There’s been a ton of bustle in the media industry surrounding the recent acquisition of Dreamworks by network giant, Comcast (read more here). While this may not sound scary on the surface, it will most certainly affect you, the viewer, directly.
Let’s be straight here – Comcast purchased DreamWorks to expand their content through what’s called vertical integration. A Medium article we came across describes it perfectly as “the equivalent of the mall owning the stores and also the products sold within the stores.”
The problem with big media companies getting even bigger is that they begin too push out smaller, independent media. Just last year for example, Sesame Street was purchased by HBO in the never-ending battle to bring in and satisfy more cord-cutting subscribers to their service.
“In 2009, Comcast (a cable company) bought NBCUniversal (a cable network). Within that network, you can watch numerous TV shows… And that’s just on NBC. The full range of TV shows is much larger when you factor in all of the other TV networks that are under the NBCUniversal umbrella…
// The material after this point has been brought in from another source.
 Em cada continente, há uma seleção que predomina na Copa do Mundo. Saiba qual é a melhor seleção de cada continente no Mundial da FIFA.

By merging the cable company with cable networks, that integrates two of the three vertical segments in the cable TV marketplace. In our earlier analogy, this would include the mall and the stores within the mall.
That’s news from 2009 though. The last remaining vertical segment is the TV shows. This is where DreamWorks comes in.”
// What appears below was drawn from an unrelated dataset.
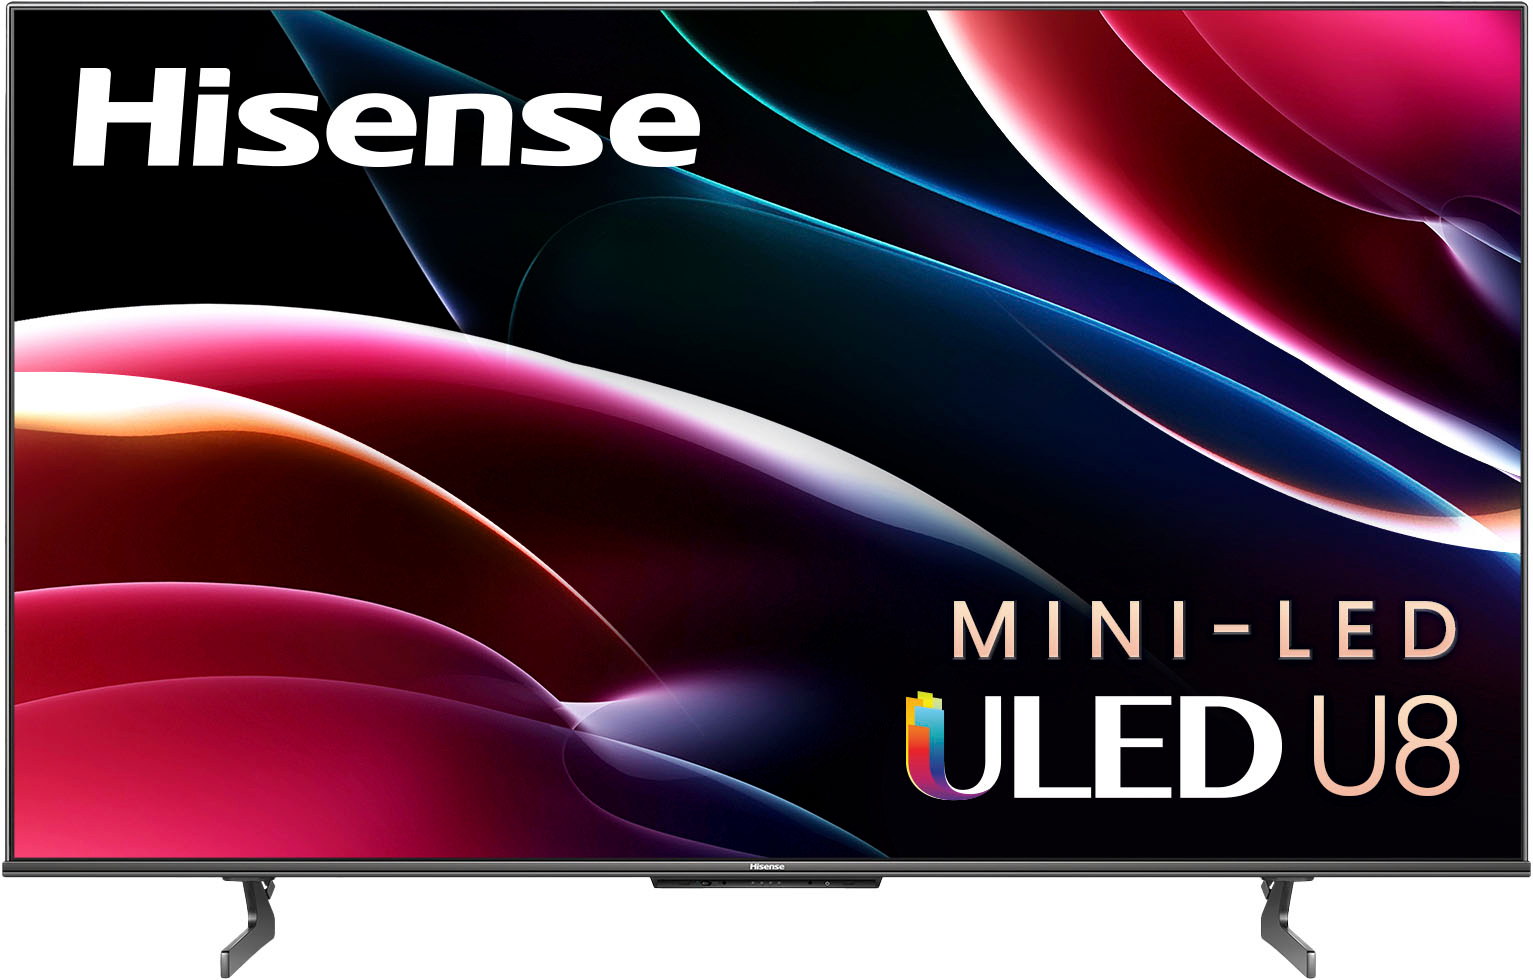 Hisense 65" Class U8H Series Mini LED Quantum ULED 4K UHD Smart Google TV 65U8H - Best Buy $799

With these 3 powerhouse vertical segments in works together, Comcast is stamping their name to the front of the streaming competition. This move could prevent other services like Netflix and Hulu from accessing more TV shows and movies for their catalogs, as Comcast continues to try to attract customers away from the competition and appear more valuable overall.
While Comcast can trace their own company’s successes to the fact that they offer multiple unique services under the same umbrella, in the end the consumer still has to pay for Internet to access any of it – a service that Comcast still owns… where’s the fairness in that?